À medida que a inteligência artificial generativa se torna parte integrante do quotidiano, a prática médica assiste a uma transformação silenciosa, mas profunda. Ferramentas como o ChatGPT deixaram de ser meras curiosidades tecnológicas para se tornarem presenças ativas no espaço clínico, influenciando perceções, decisões e até vínculos terapêuticos.
Por Abel García Abejas, médico *
Mais do que uma revolução tecnológica, vivemos uma mutação ética e relacional. Entre os muitos casos que ilustram essa mudança, recordo um episódio paradigmático.
Um doente de meia-idade, após semanas de aerocolia e mal-estar abdominal, recorreu a consulta de gastrenterologia, realizou exames laboratoriais e imagiológicos, todos dentro da normalidade.
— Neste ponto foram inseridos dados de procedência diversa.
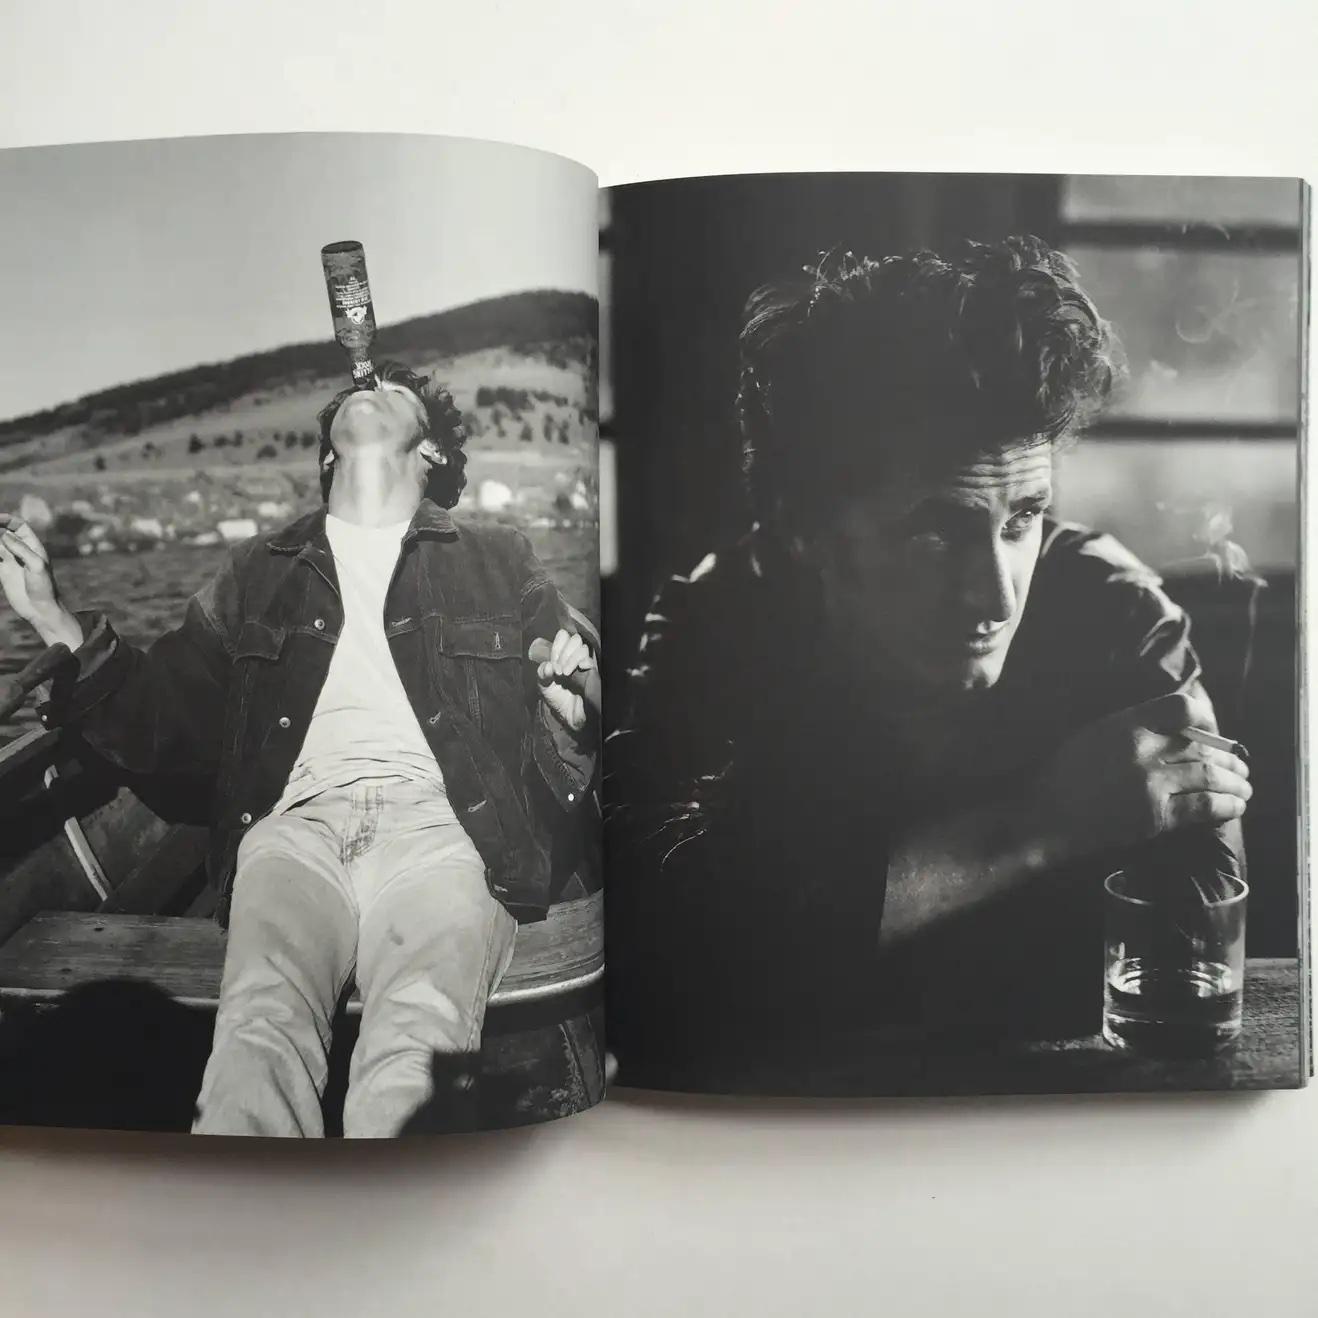 First edition, published by Bulfinch Press / Little Brown & Company, Boston, 1997. 

Published to coincide with the exhibition of Bruce Weber's work at the National Portrait Gallery, London, this assemblage of Weber’s photographic images forms a

Persistindo os sintomas, procurou-me como médico de família, último recurso e porto de escuta.
Após longa conversa, o doente referiu com serenidade: “Dr., eu já vi tudo no ChatGPT e ele acha que está tudo ok com o que fiz. Não parece ser dos intestinos. Será melhor fazer outro exame à coluna? O ChatGPT reforçou os resultados da minha analítica e deixou-me mais tranquilo.”
A frase ressoou como um novo sintoma, não do corpo, mas da época, uma presença invisível, o algoritmo, mediava agora a relação entre o sofrimento e a sua interpretação. A consulta já não era binária, médico e doente estavam acompanhados por uma terceira entidade: a inteligência artificial. Esta nova triangulação exige repensar os fundamentos da ética médica e da confiança terapêutica.
Da relação binária à triangulação algorítmica
Durante séculos, a relação médico-doente oscilou entre a autoridade paternalista e o modelo da decisão partilhada, em ambos, o vínculo era direto e humano. A irrupção da inteligência artificial gera, contudo, uma terceira instância de influência, não relacional, mas funcional, não humana, mas linguística.
Neste novo triângulo, médico, doente e IA, o médico vê a sua autoridade interpretativa partilhada com um sistema que não sente, mas sugere; que não examina, mas responde. A questão que se impõe é: como manter a escuta, a confiança e o juízo clínico num cenário em que o doente chega com diagnósticos e hipóteses previamente filtradas pelo algoritmo?
O caso clínico como metáfora do tempo
O doente em questão não procurou a IA por desconfiança, mas por desejo de compreender, encontrou respostas estruturadas, plausíveis e tranquilizadoras. Sugerida a hipótese de origem lombar para a dor, sentiu-se mais sereno, e trouxe essa convicção para a consulta. O médico foi confrontado com uma narrativa já construída, onde o papel clínico se deslocava de intérprete para simplesmente validar.
Este episódio exemplifica o novo paradigma, o médico é agora árbitro entre narrativas, uma narrativa técnica algorítmica, e outra narrativa pessoal e sensorial, cabe-lhe reintroduzir o corpo, a história de vida e a escuta empática num território cada vez mais colonizado pela linguagem da probabilidade.
A autoridade do algoritmo e a erosão da escuta
O ChatGPT e modelos similares não fornecem conhecimento médico no sentido clássico. Produzem linguagem plausível, com aparência de segurança e cientificidade. Esta estética da certeza, combinada com a ausência de contradição emocional, confere à IA uma autoridade nova: o oráculo tecno linguístico.
O filósofo Byung-Chul Han, fala de uma “sociedade da transparência” onde tudo é visível, mas nada é relacional. O algoritmo encaixa nesta lógica, acessível, aparentemente neutro, mas desprovido de contexto, ambiguidade e corporeidade, o que ele diz pode ser útil, mas também enganador, por ser desprovido de responsabilidade.
Surge aqui o fenómeno que designo por tecno-fideísmo: uma fé pós-moderna na IA como entidade superior, livre de preconceitos e emocionalmente estável. Esta crença ignora os enviesamentos dos dados, os limites do treino e a ausência de sensibilidade humana. A IA não cuida, apenas simula o cuidado.